In this type of optical disk, a glass substrate is predominantly used as the optically transparent substrate. In some cases, thermoplastic resin substrates are used for this purpose, including a polymethyl methacrylate substrate and a polycarbonate substrate. The polymethyl methacrylate or polycarbonate substrate is advantageous in that it can be fabricated using existing injection molders, thus leading to a high productivity. However, because of the high molecular weight of the resin, it is difficult to completely remove foreign matters from these polymers with a relatively high percent defective. In addition, the birefringence of the substrate cannot be reduced because of the melt flow of polymer molecules during the molding. Moreover, the injection-molded resin substrate has the serious problem that it is not resistant to heat and is not suitable for use as an erasable optical disk which utilizes the phase change of a recording film from crystalline to amorphous states, and vice versa, by application of laser beams. More particularly, when laser beams of different energy levels are repeatedly applied to a recording film formed, for example, on a polycarbonate substrate for repeating recording, reproducing and erasing cycles, the polycarbonate substrate undergoes thermal deformation after only several to several tens repetition cycles. This results in formation of cracks or pinholes in the recording film, making it impossible to continue the recording, reproducing and erasing operations. This is true of a polymethyl methacrylate substrate. Accordingly, the optical disks using these resin substrates cannot be reliably used as an erasable disk, but may be used only as a write-once optical disk.
On the other hand, a photopolymer groove transfer method is known in which a grooved photopolymer is transferred on a glass substrate or an epoxy resin substrate. However, the disks obtained by this method have the drawback that the photopolymer is not resistant to heat. The glass substrate is expensive and presents a cost problem. The epoxy resin substrate is disadvantageous in that it takes a relatively long time for curing, resulting in a poor productivity, and in that the releasing property of the epoxy resin is poor.

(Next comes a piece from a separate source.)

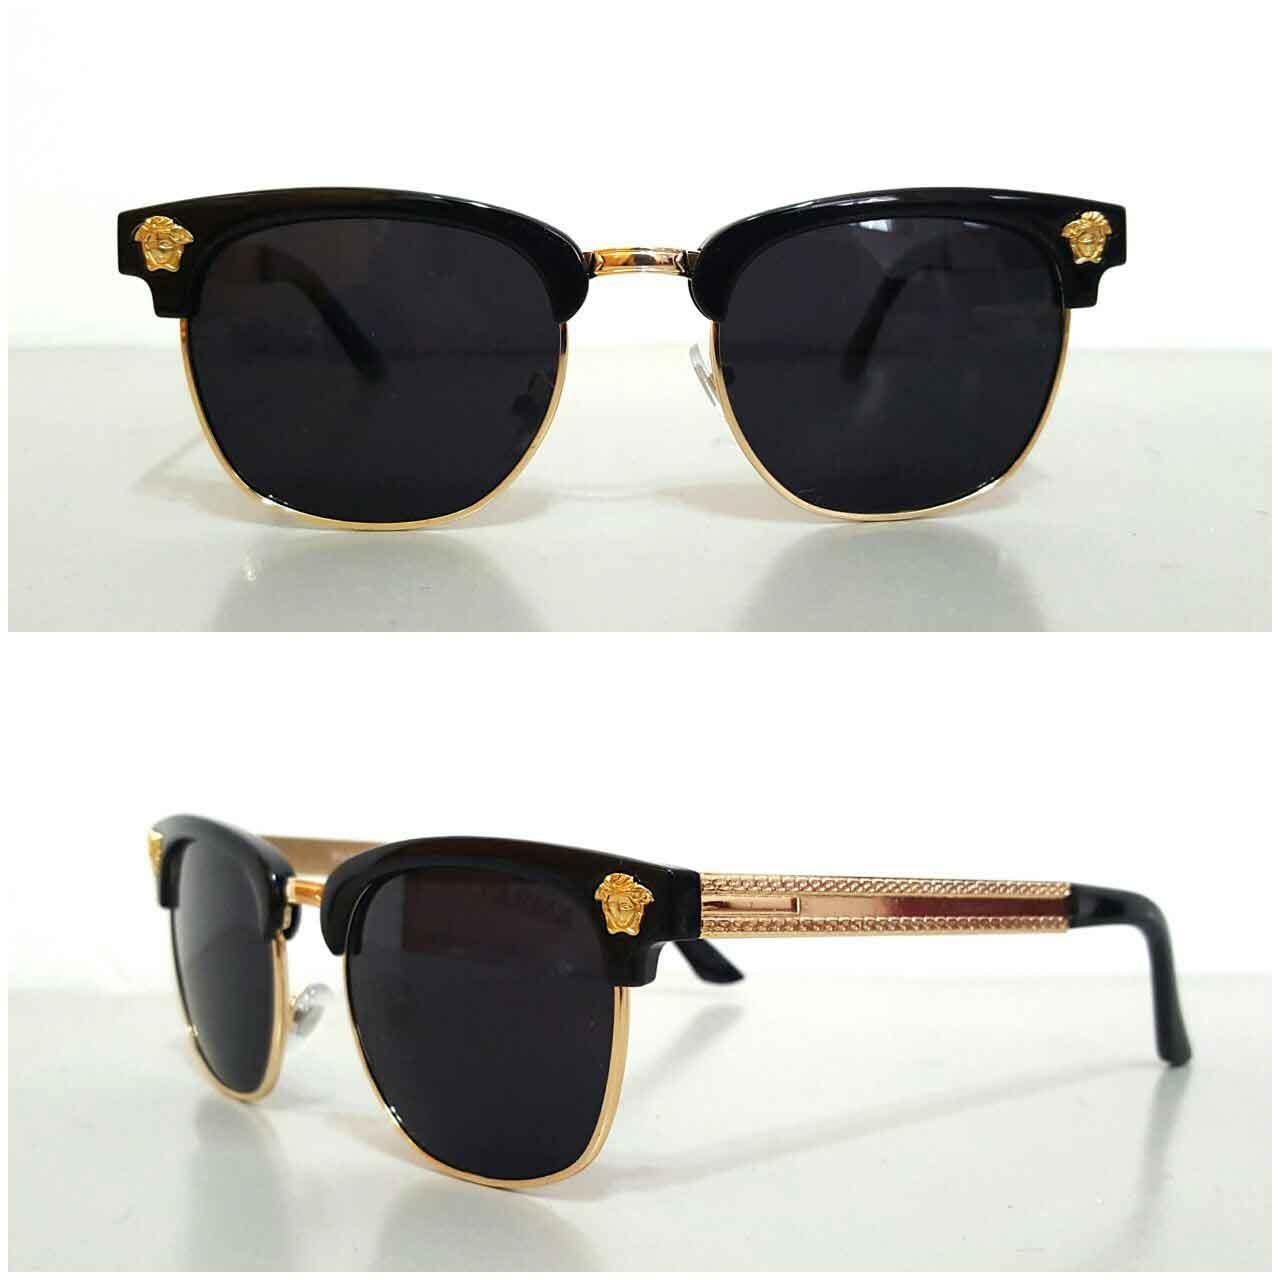 خرید عینک آفتابی ورساچه 2015

In order to set up a standard for the heat resistance of a recording film, we made a computer analysis of an optical disk, with the result that the recording film was heated to a temperature over 200.degree. C. by application of laser beams.
To solve the problem involved in the heat resistance, attempts have been made to form a thermal insulating film of an inorganic material between a resin substrate and a recording film. However, optimum conditions of forming an inorganic film on a polycarbonate or polymethyl methacrylate substrate have not been established yet with respect to a type of apparatus, a technique and a type of inorganic material. In addition, because existing apparatus might not be used for this purpose, plant costs would become high with an increasing cost of the resultant optical disk. Thus, this type of optical disk has not been in use yet.
Accordingly, there is a high demand for an optically transparent resin substrate which has a high heat resistance without the necessity of any inorganic thermal insulating film and which has a reduced birefrigence and can be fabricated while easily removing foreign matters from starting materials.